-- WHAT THE TASK ASKS --
In the listing below, find the line containing "New Zealand Centenaries" and the line containing "Wolverine #41 - The". Repeat exactly those two lines and every line between them, nothing more.

-- MATERIAL TO PROCESS --
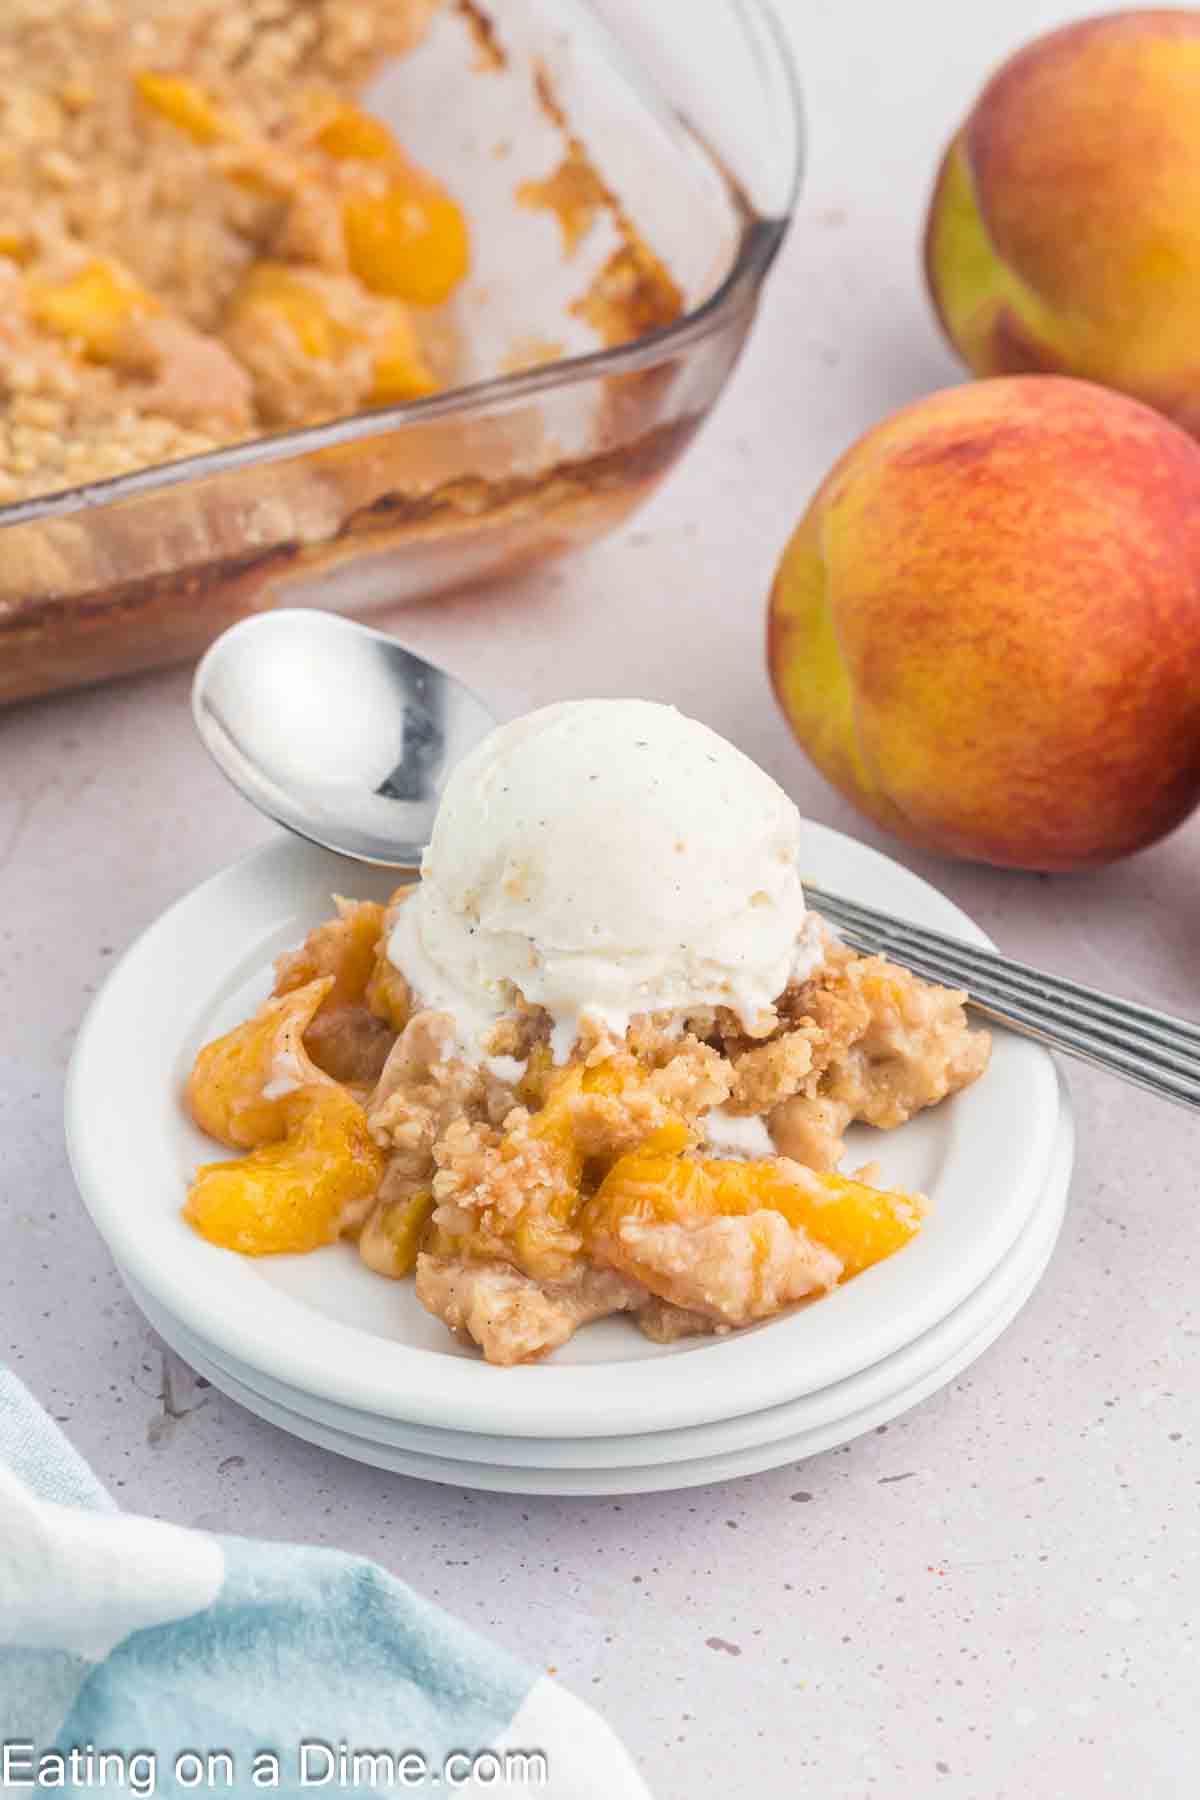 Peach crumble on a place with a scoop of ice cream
==
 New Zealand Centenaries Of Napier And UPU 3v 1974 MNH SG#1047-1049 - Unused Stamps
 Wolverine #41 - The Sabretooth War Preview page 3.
--
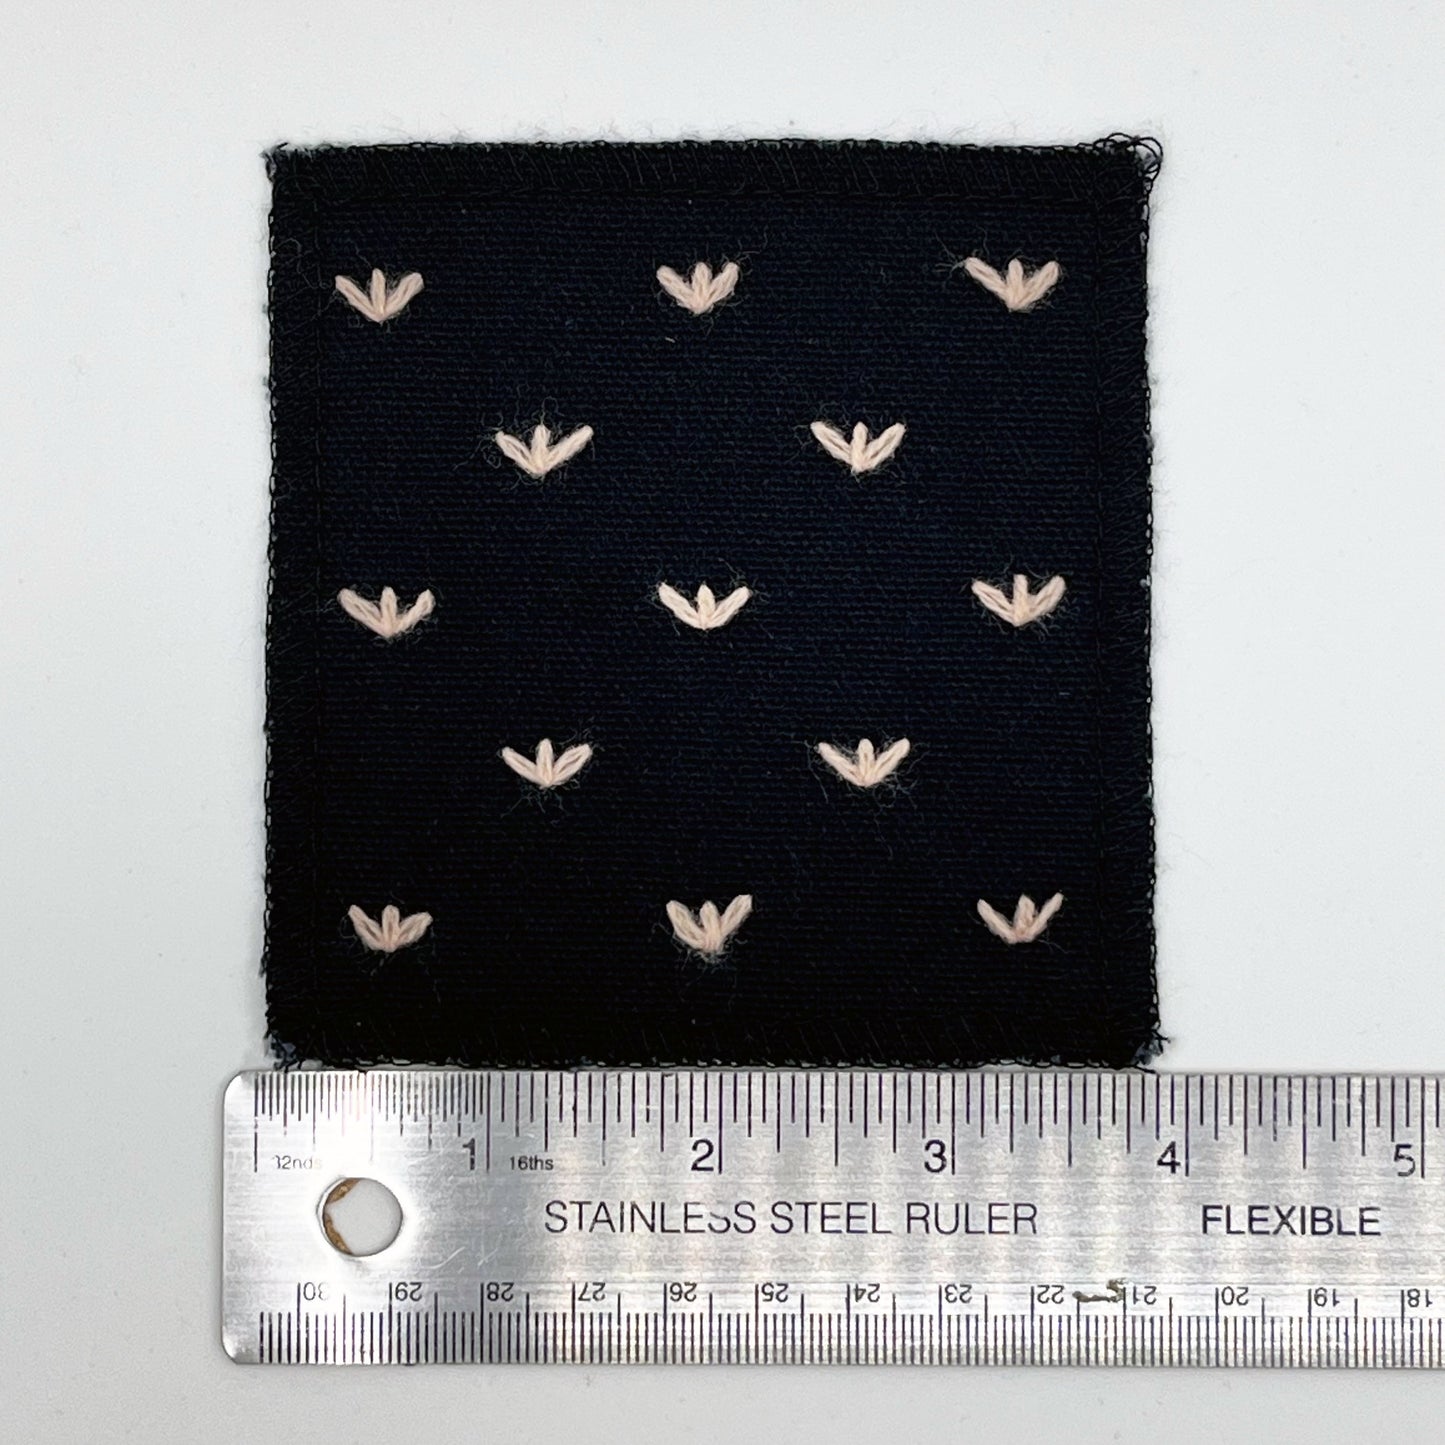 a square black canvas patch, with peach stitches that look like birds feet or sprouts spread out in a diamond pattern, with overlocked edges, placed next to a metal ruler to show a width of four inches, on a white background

-- SOLUTION TO THE EXERCISE --
 New Zealand Centenaries Of Napier And UPU 3v 1974 MNH SG#1047-1049 - Unused Stamps
 Wolverine #41 - The Sabretooth War Preview page 3.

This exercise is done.